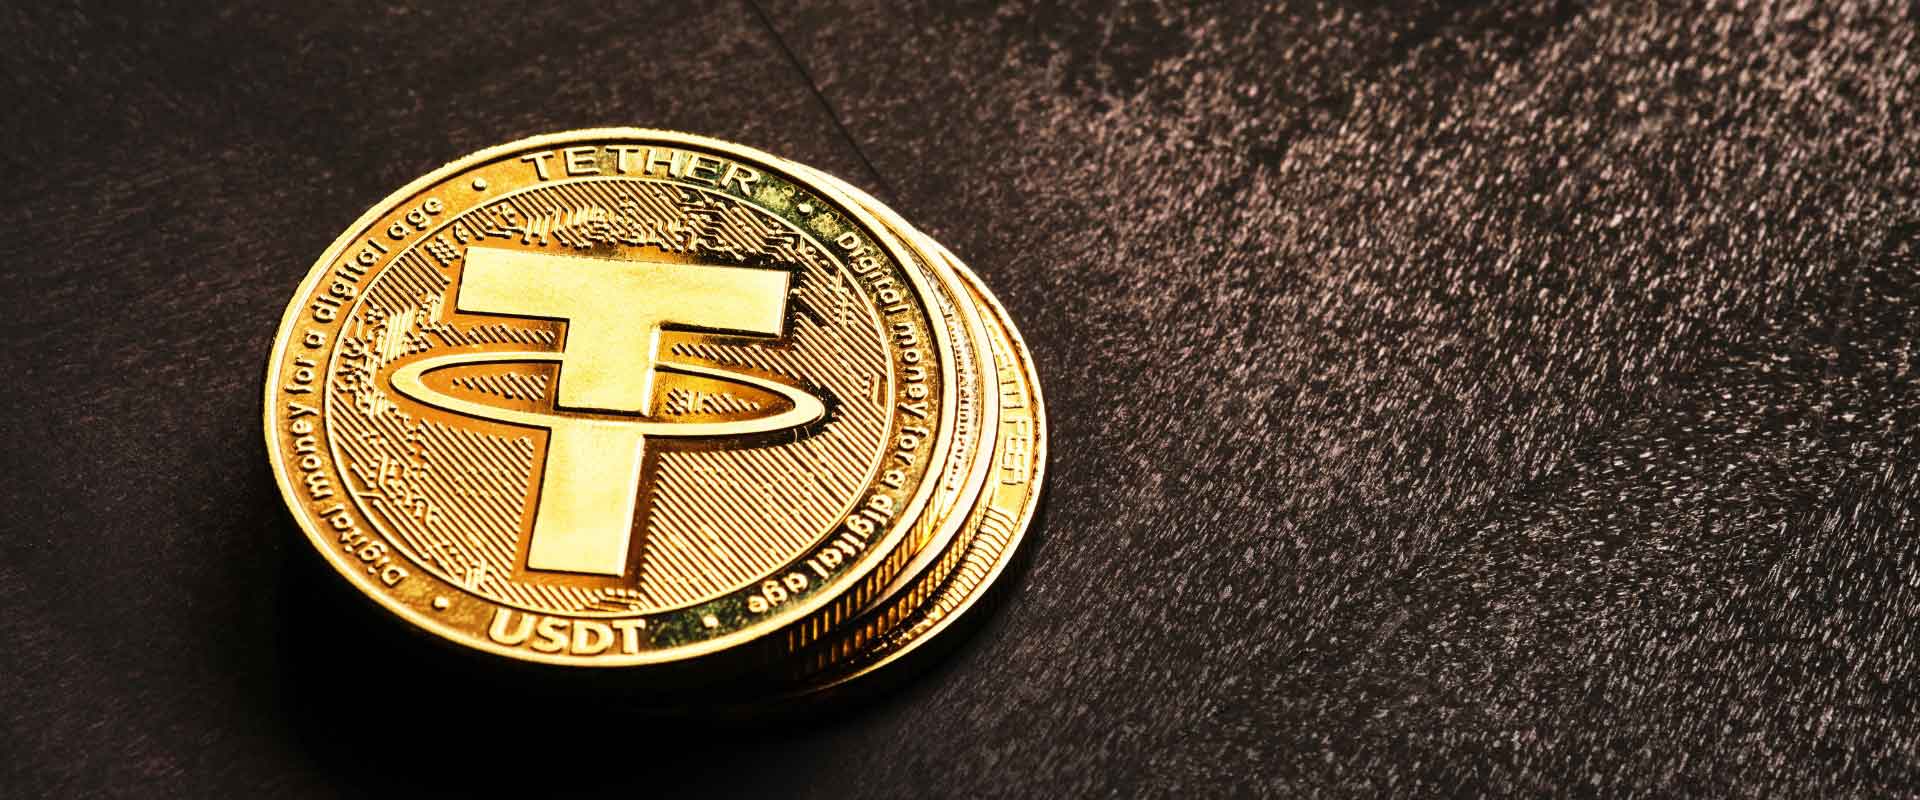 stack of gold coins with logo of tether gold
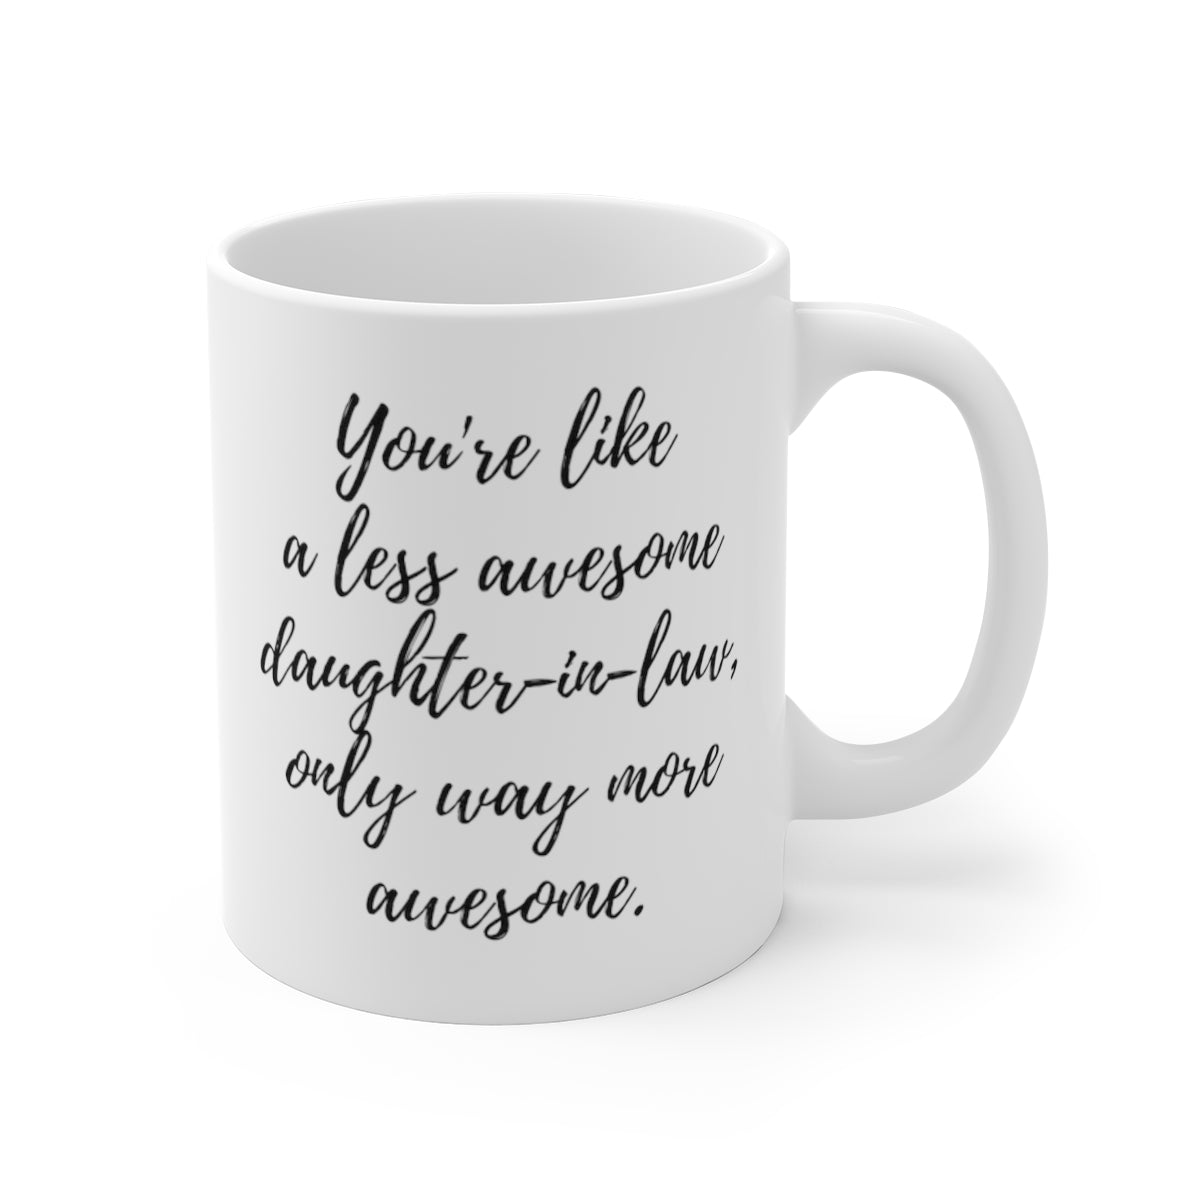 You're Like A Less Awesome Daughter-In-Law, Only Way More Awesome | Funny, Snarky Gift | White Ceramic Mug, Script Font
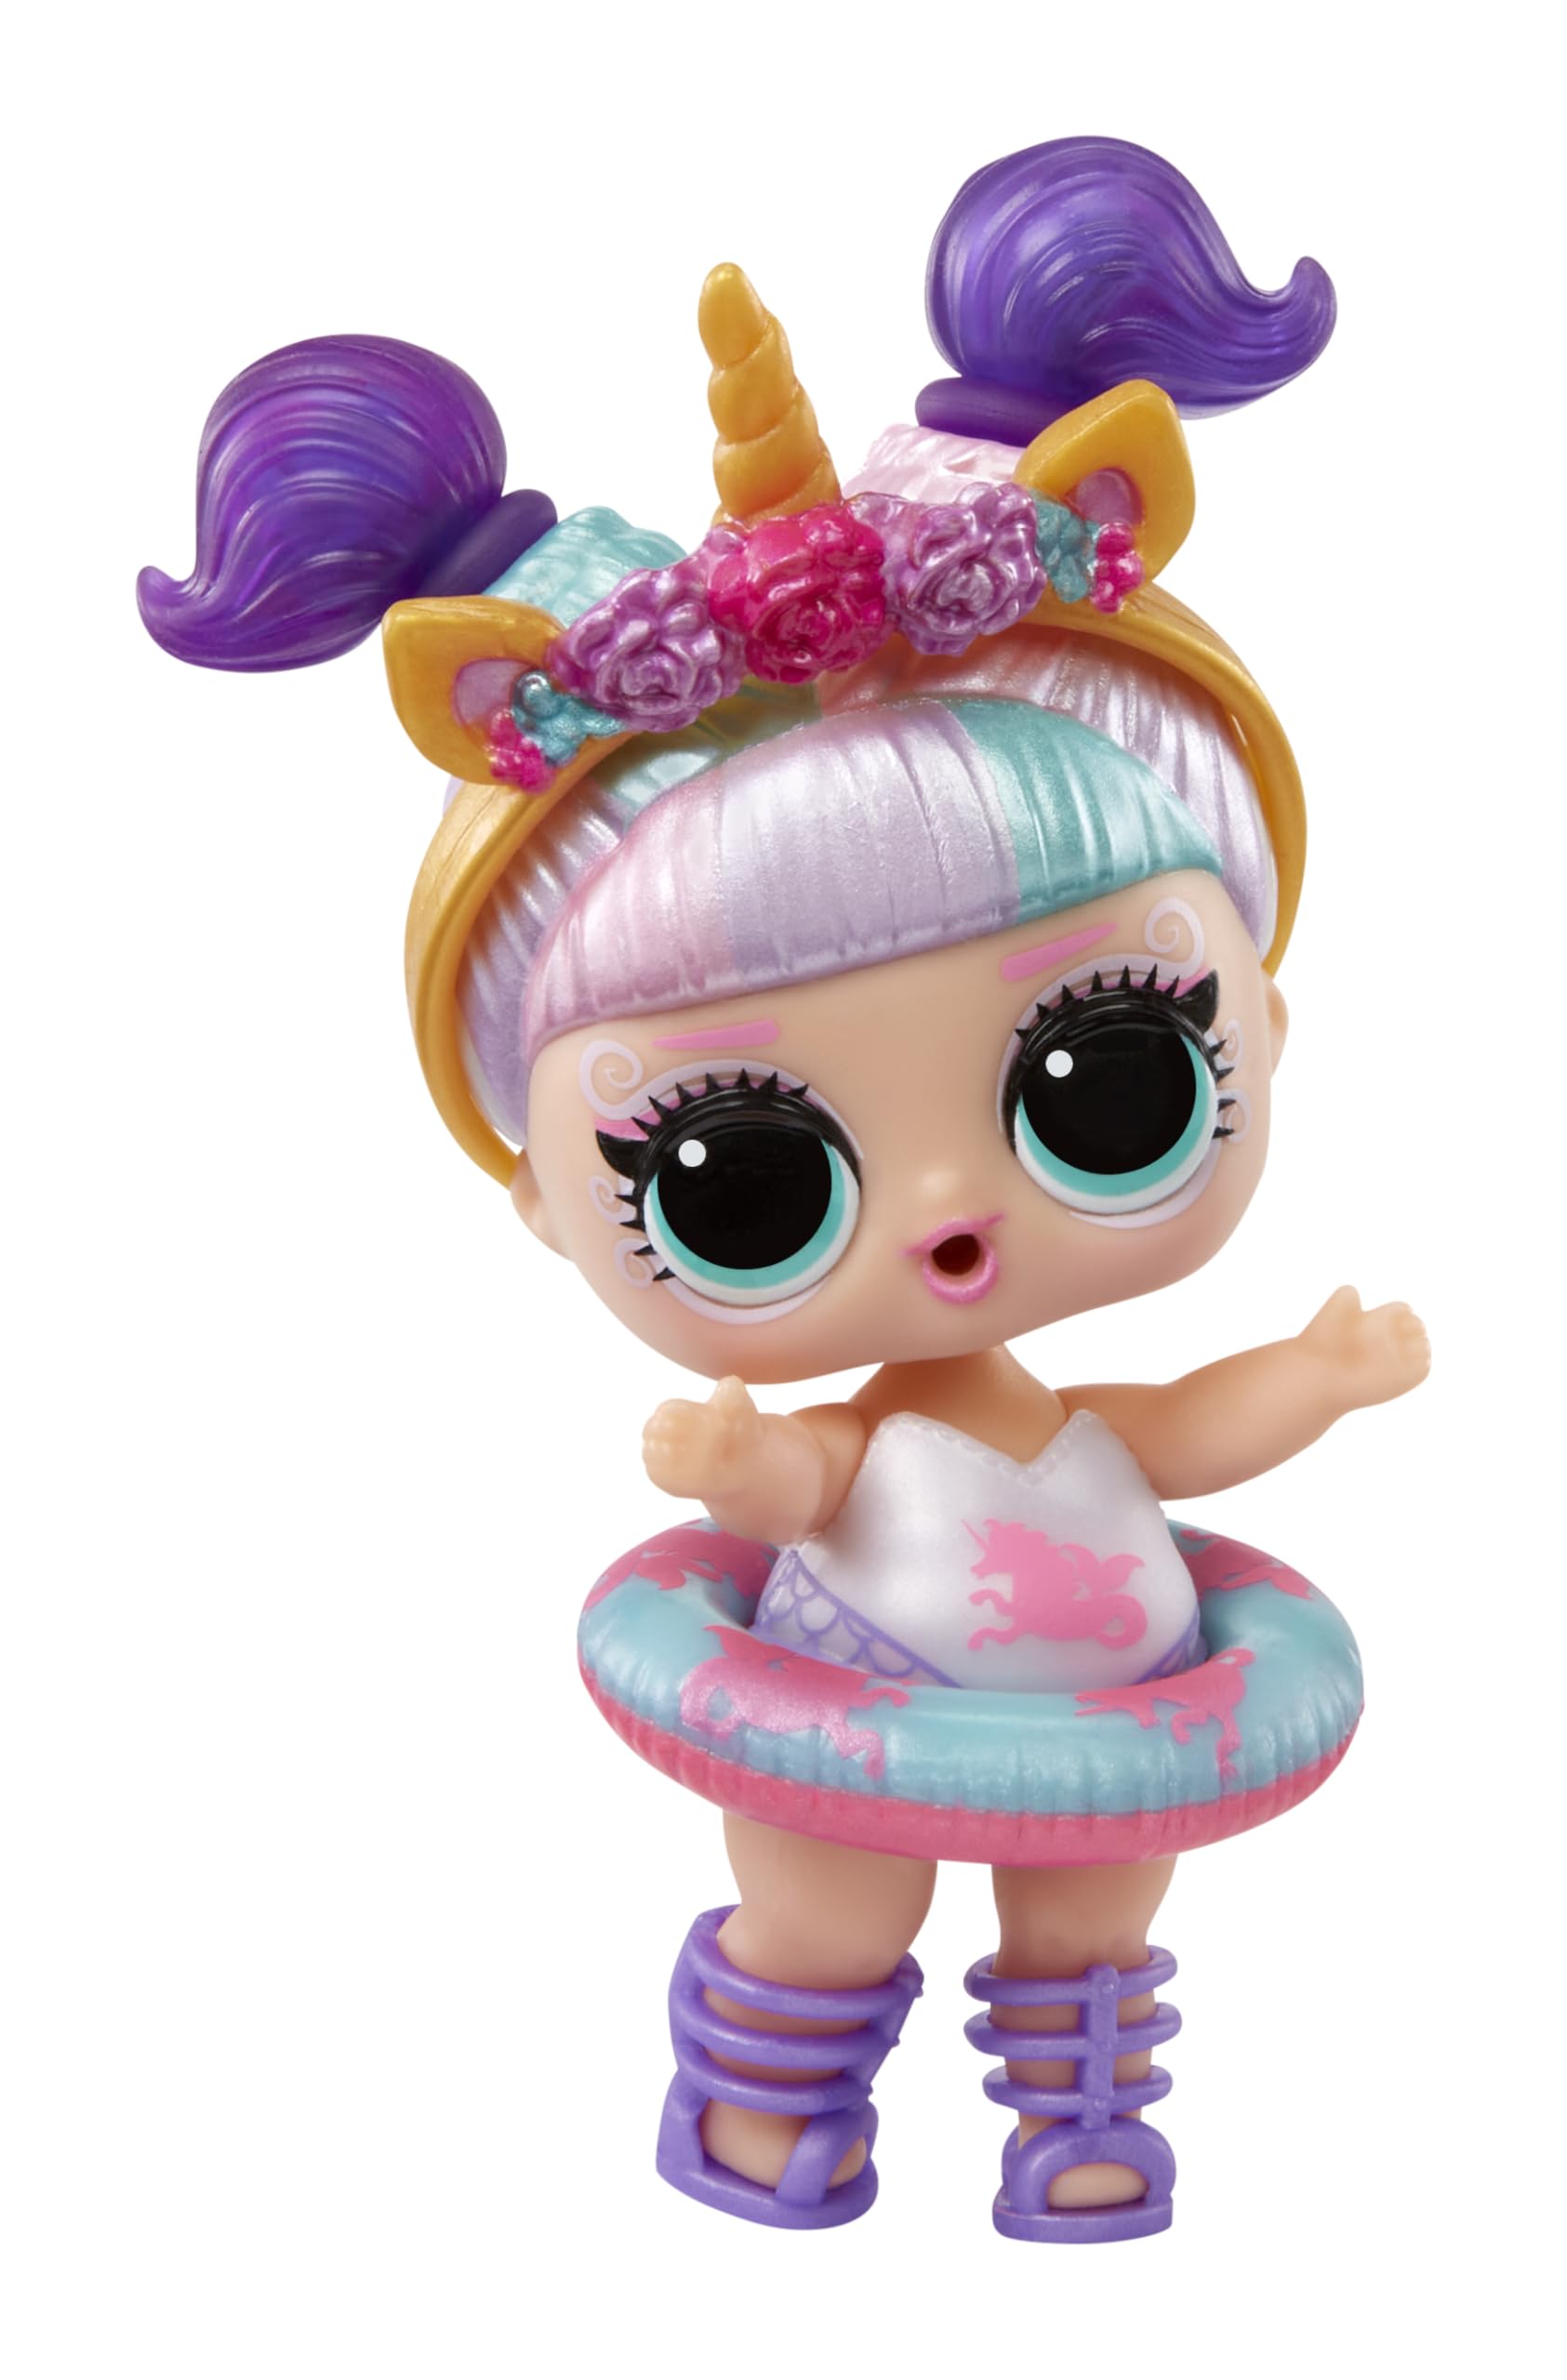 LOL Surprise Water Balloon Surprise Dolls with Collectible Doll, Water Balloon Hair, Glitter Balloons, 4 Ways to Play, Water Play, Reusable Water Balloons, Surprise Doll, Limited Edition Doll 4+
•••••
■ **Exercise description**
This exercise calls for the complete listing, returned exactly and without images.

■ **Written response**
 stack of gold coins with logo of tether gold
 You're Like A Less Awesome Daughter-In-Law, Only Way More Awesome | Funny, Snarky Gift | White Ceramic Mug, Script Font
 LOL Surprise Water Balloon Surprise Dolls with Collectible Doll, Water Balloon Hair, Glitter Balloons, 4 Ways to Play, Water Play, Reusable Water Balloons, Surprise Doll, Limited Edition Doll 4+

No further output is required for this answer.